Elman Tagaýew

Personal information
- Full name: Elman Şamsidinowiç Tagaýew
- Date of birth: June 2, 1989 (age 36)
- Place of birth: Kyzyl-Arvat, Turkmen SSR, Soviet Union
- Height: 5 ft 7 in (1.70 m)
- Position: Midfielder

Team information
- Current team: FC Ahal
- Number: 7

Senior career*
- Years: Team / Apps / (Gls)
- –2012: Aşgabat /  / (0)
- 2012–2013: AZAL / 8 / (0)
- 2013–2014: Aşgabat /  / (0)
- 2014–2016: Altyn Asyr /  / (0)
- 2016: Andijon / 12 / (0)
- 2017: Altyn Asyr / 22 / (0)
- 2017–2018: Sabail / 25 / (2)
- 2019: Navbahor / 3 / (0)
- 2019–: FC Ahal / 31+ / (35+)

International career^{‡}
- 2012–: Turkmenistan / 23 / (4)

= Elman Tagaýew =

Turkmenistani footballer

Elman Tagaýew (born June 2, 1989 in Kyzyl-Arvat) is a Turkmen professional football midfielder of Azerbaijani descent. He plays for Ýokary Liga club FC Ahal and the Turkmenistan national team.

==Biography==
Tagaýew was born in Ashgabat, Turkmenistan to an Azerbaijani family. He began playing football at eight years old.

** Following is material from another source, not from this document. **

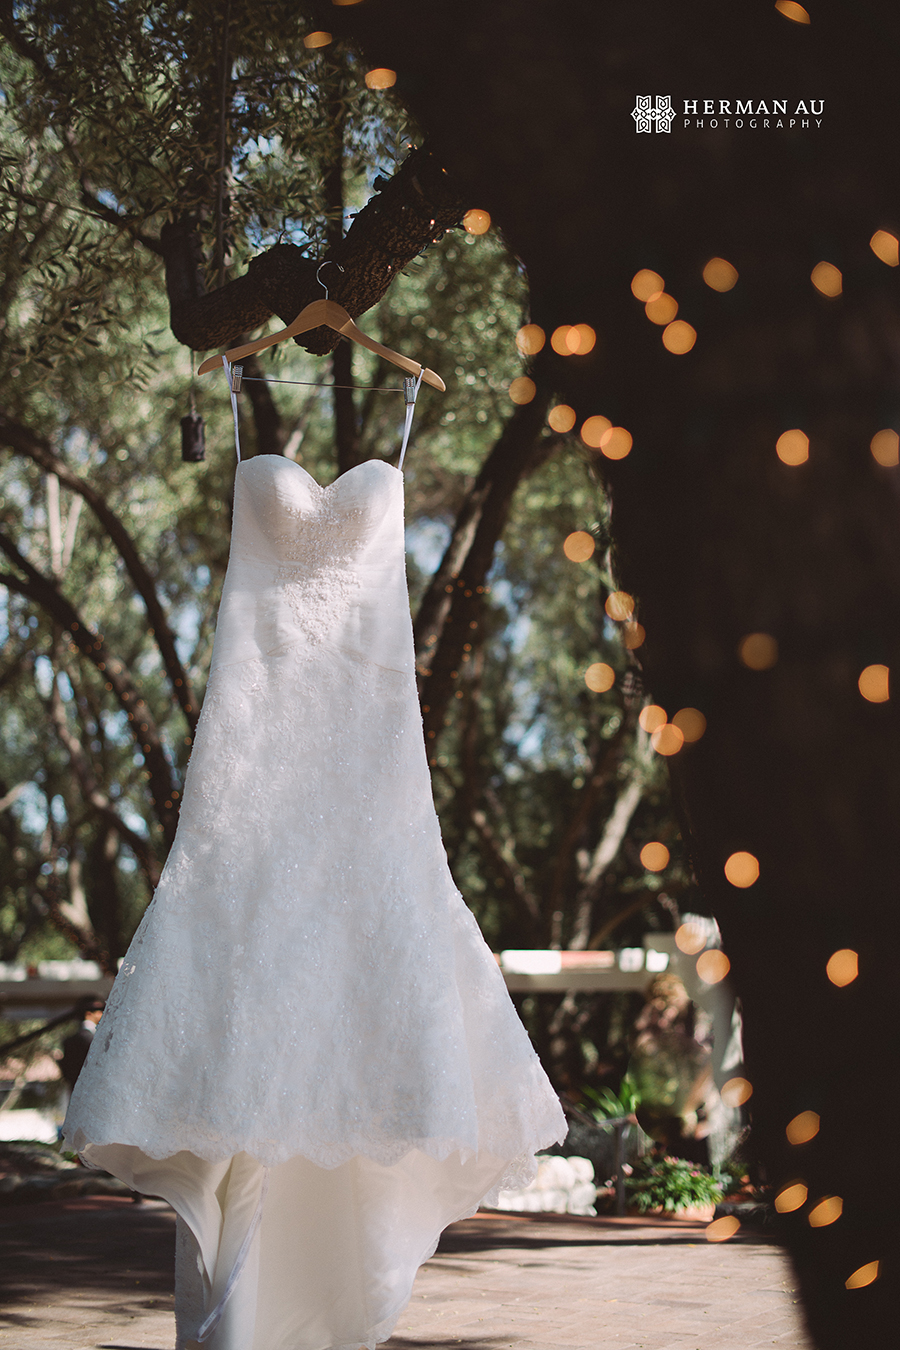 03.Padua Hills Theatre wedding dress

In 2014, he married his wife Arina. In 2015, they had two twin sons named Alan and Ali.

==Career==
===Club===
Tagaýew started his career at Aşgabat before going on trial with Khazar Lankaran in early 2012. During his trial with Khazar Lankaran he appeared as a substitute, and scored, against Turkmenistan. Khazar declined to sign Tagaýew due to the players attitude during a game. Tagaýew went on to sign for AZAL in the summer of 2012, but only made 8 appearances before leaving in March 2013.

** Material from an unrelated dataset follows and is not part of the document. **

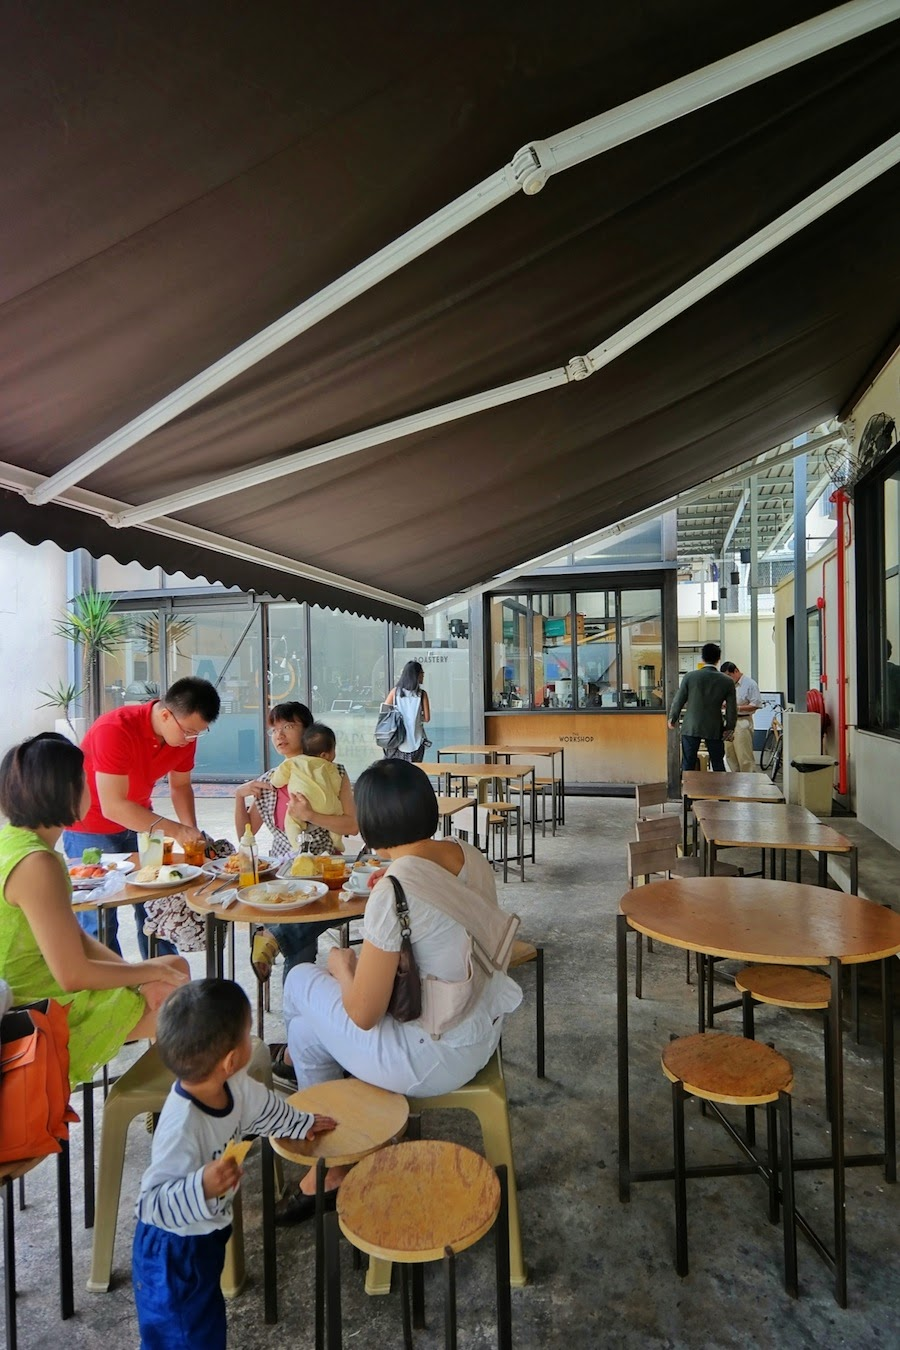 "<a href=""http://mataram.info/things-to-do-in-bali/visitindonesia-banda-marine-life-the-paradise-of-diving-topographic-point-inward-fundamental-maluku/"">Indonesia</a>best destinations : Hardware Java Inwards Singapore"

In June 2017, Tagayev signed a one-year contract with newly-promoted Azerbaijan Premier League team Səbail FK. Tagayev was released by Sabail FK at the end of the 2017–18 season.

===International===
Elman Tagaýew played for the Turkmenistan national under-23 football team at the 2010 Asian Games in Guangzhou.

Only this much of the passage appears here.